70. Jahrestagung der Deutschen Gesellschaft für Medizinische Informatik, Biometrie und Epidemiologie e.V.
70. Jahrestagung der Deutschen Gesellschaft für Medizinische Informatik, Biometrie und Epidemiologie e.V.
Oblique splits in artificial representative trees for random forests
Text
Introduction: Artificial representative trees (ARTs) are an interpretation method for random forests where a single binary decision tree is generated as a surrogate model to be interpreted instead of the whole ensemble [1]. While random forests, as an ensemble of binary decision trees, can approximate linear relationships quite well, ARTs face challenges due to the necessity of numerous binary splits, leading to excessive complexity and difficulty in interpretation. Therefore, we propose the alternative method of oblique ARTs (oARTs), utilizing oblique splits (e.g., linear combinations of predictor variables) to more accurately approximate linear relationships following the concept of oblique random forests [2].
Recent works have suggested the use of tree-based surrogates such as most representative trees (MRTs) [3], [4] or small ensembles of trees [5], [6]. Moreover, oblique surrogate trees have shown superior fidelity by using linear combinations at splits [7]. By oARTs, we build on these advances by combining variables based on LDA and constructing an interpretable oblique tree.
Methods: In oARTs, we first use linear discriminant analysis (LDA) to identify and prioritize linear combinations of variables that are important for the prediction task. Subsequently, we extend the training data set for the generation of an artificial representative tree by synthetic variables based on the LDA results. Finally, an ART is generated as previously described.

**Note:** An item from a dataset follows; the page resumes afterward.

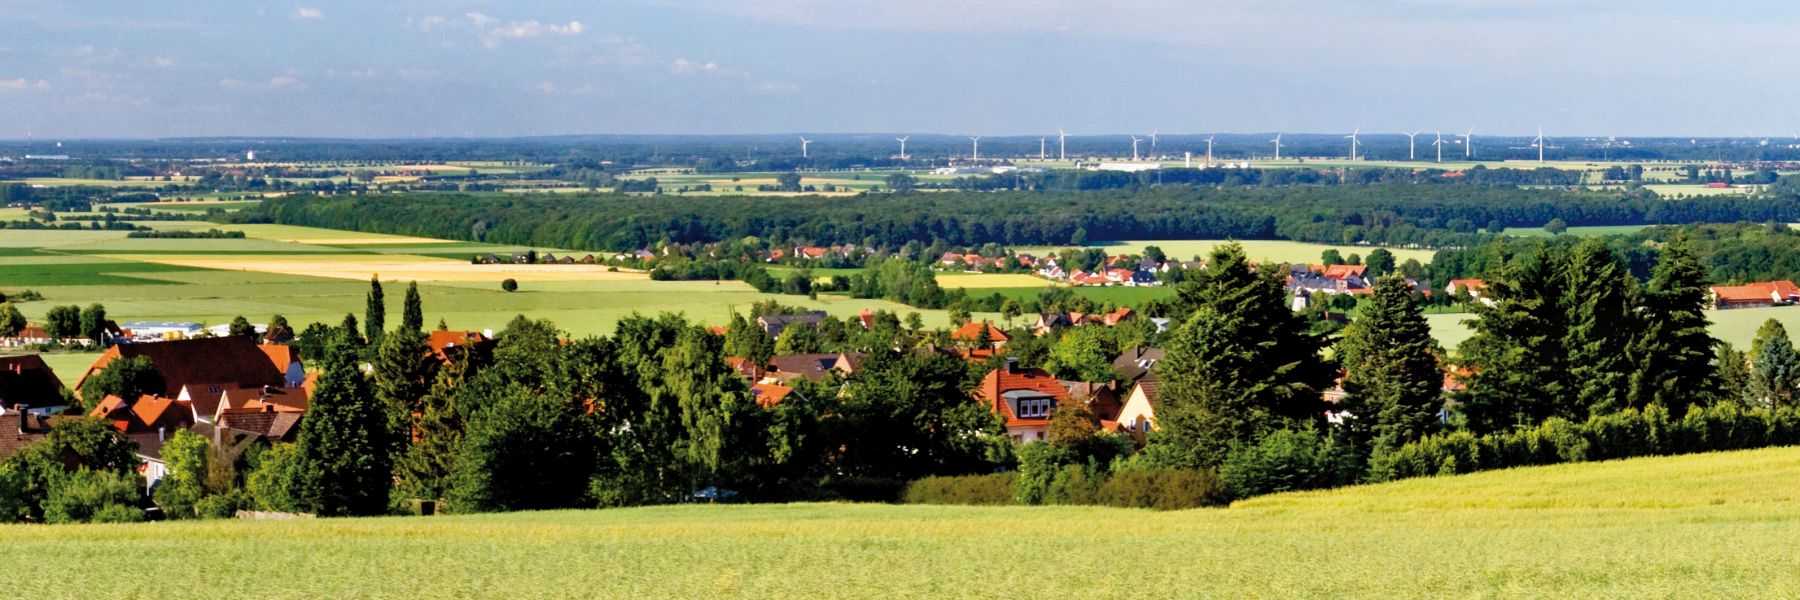 Baufirma Hannover haks in hannover hannover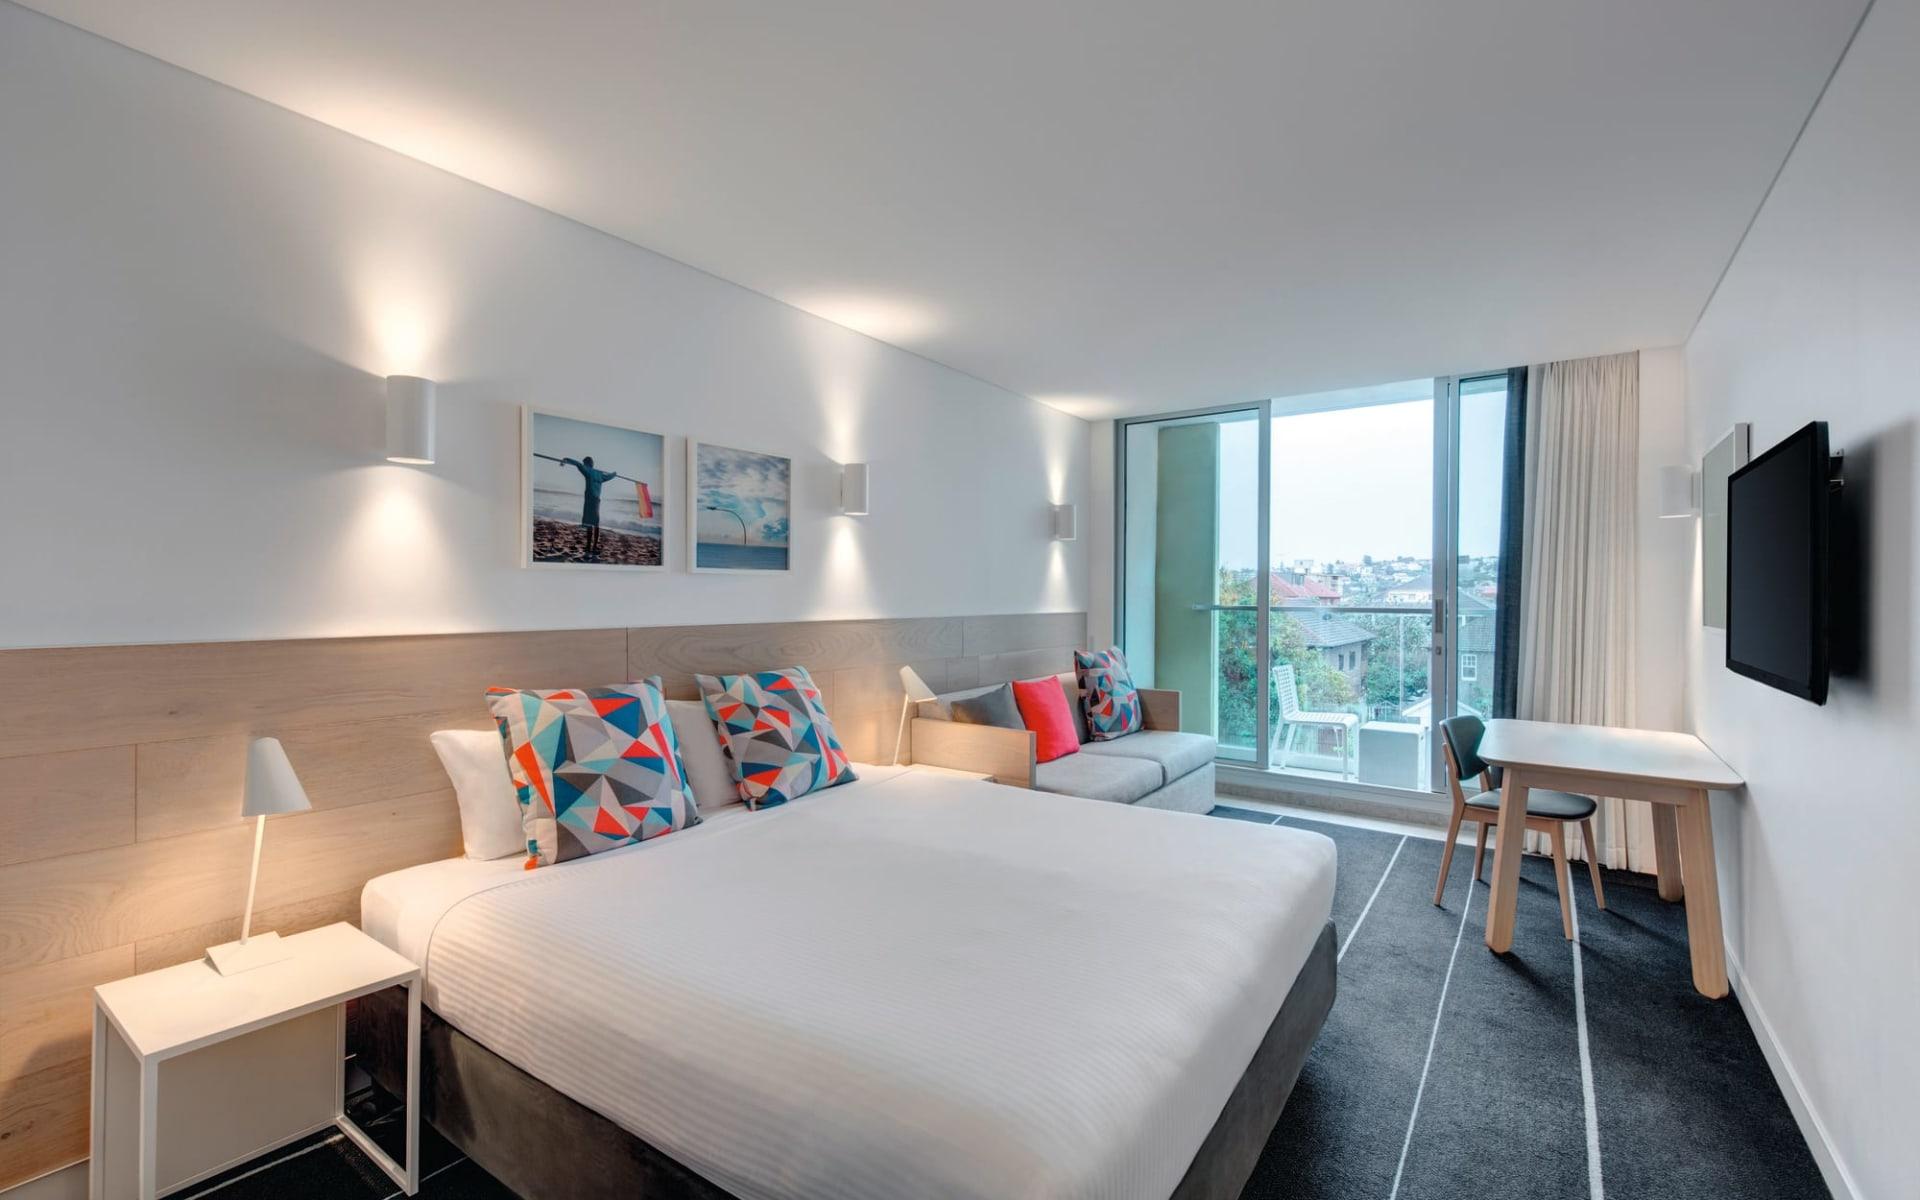 Adina Apartment Hotel Bondi Beach in Sydney - Bondi Beach: Adina Apartment Hotel Bondi Beach - Studio 2017

In an extensive simulation study, we generated separate training and testing data sets for three different scenarios, linear and non-linear relationships with the outcome. We compared the new method of oARTs with classical ARTs and MRTs. Our main performance measures were the prediction accuracy on new data (accuracy), the similarity of prediction to the original forest prediction (fidelity), the fraction of included effect and noise variables (coverage), run time, and size of the resulting models.
Results: With regard to fidelity, classical ARTs perform best in settings where only a few effect variables influence the outcome. For settings with more effect variables, oARTs have better fidelity. Concerning accuracy, oARTs demonstrate optimal performance and are very close and in some cases even better than the performance of the original random forest. Given that oARTs can include multiple variables in each split, they also show the highest fraction of included effect variables while keeping the fraction of included noise variables to a minimum. Finally, they lead to the smallest models with a similar run time to classical ARTs.
Discussion: Our new method of oARTs is superior to ARTs and MRTs in data sets with linear relationships and leads to comparable results in the absence of any linear dependencies between predictor variables. An implementation of oARTs is available in our R package timbR (https://github.com/imbs-hl/timbR).
The authors declare that they have no competing interests.
The authors declare that an ethics committee vote is not required.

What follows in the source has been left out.